Chronic neuropathic pain represents a heterogeneous group of diseases in which pain is caused by nerve damage owing to various etiologies. Before pain is perceived in the central nervous system, different descending mechanisms must modulate the initial nociceptive stimulus. The imbalance between the amount of stimuli and the efficacy of modulation mechanisms is processed as the sensation of pain. High-magnitude or repetitive nociceptive impulses cause peripheral and central neuronal changes, leading to the maintenance and exacerbation of the pain sensation. These alterations are often irreversible and responsible for patient reports of long-term pain, even after many unsuccessful treatments. Most of the current ideas regarding the pathophysiology of neuropathic pain originated from experimental work in animal models. The underlying mechanisms are described below.
Pain sensations are normally elicited by activity in unmyelinated (C-) and thinly myelinated (Aδ-) primary afferent neurons. These nociceptors are usually silent in the absence of stimulation and respond best to potentially noxious stimuli. Neurons become abnormally sensitive after damage to peripheral nerves and develop pathological spontaneous activity. These pathological changes result from molecular and cellular changes at the level of the primary afferent nociceptor that are triggered by the nerve lesion. They are expressed as increased spontaneous firing, lowered activation threshold, and expanded receptive fields.

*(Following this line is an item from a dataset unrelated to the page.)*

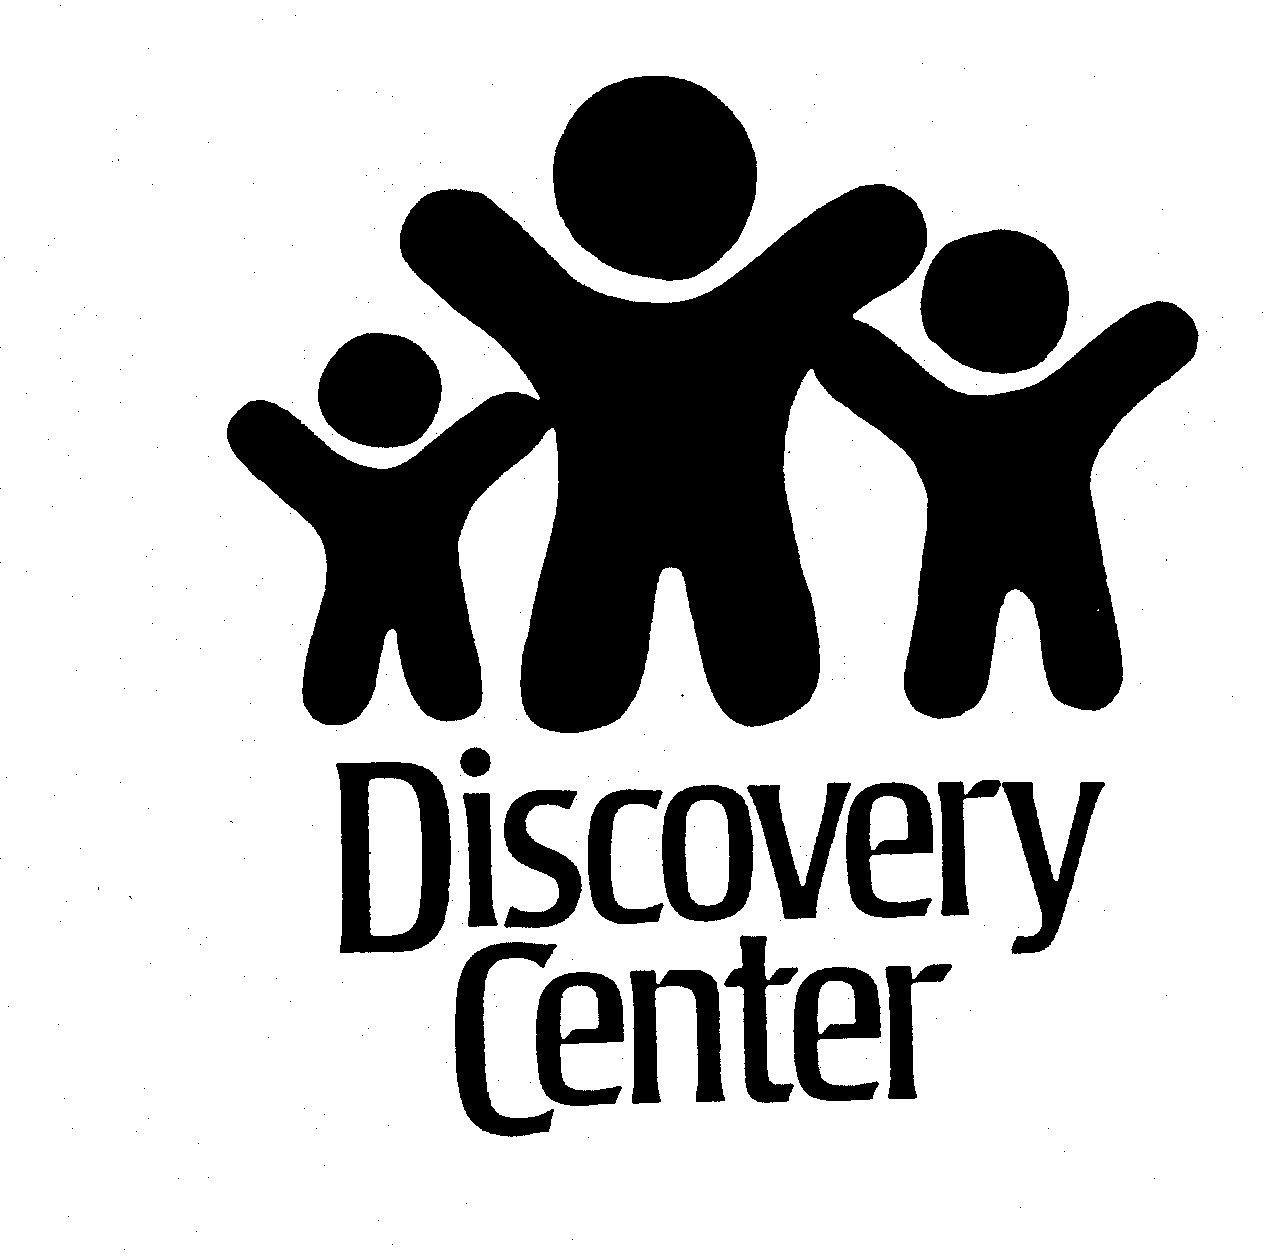 DISCOVERY CENTER

Hyperactivity of the peripheral nociceptor results in secondary changes in the dorsal horn of the spinal cord with an associated increase in general excitability of multi-receptive spinal cord neurons. This hyper-excitability is manifested by increased neuronal activity in response to noxious stimuli, expansion of neuronal receptive fields, and spread of spinal hyper-excitability to other segments. Central sensitization is initiated and maintained by activity in pathologically sensitized C-fibers. Importantly, the activation of both descending facilitatory and inhibitory supraspinal pain control systems requires intense noxious stimulation, resulting in activation of these brainstem centers to finally activate the descending arm of thespino-bulbo-spinal circuit. An imbalance between facilitatory and inhibitory systems, with higher activity in the former and lower in the latter, contributes to central neuronal sensitization and to the development and maintenance of pain.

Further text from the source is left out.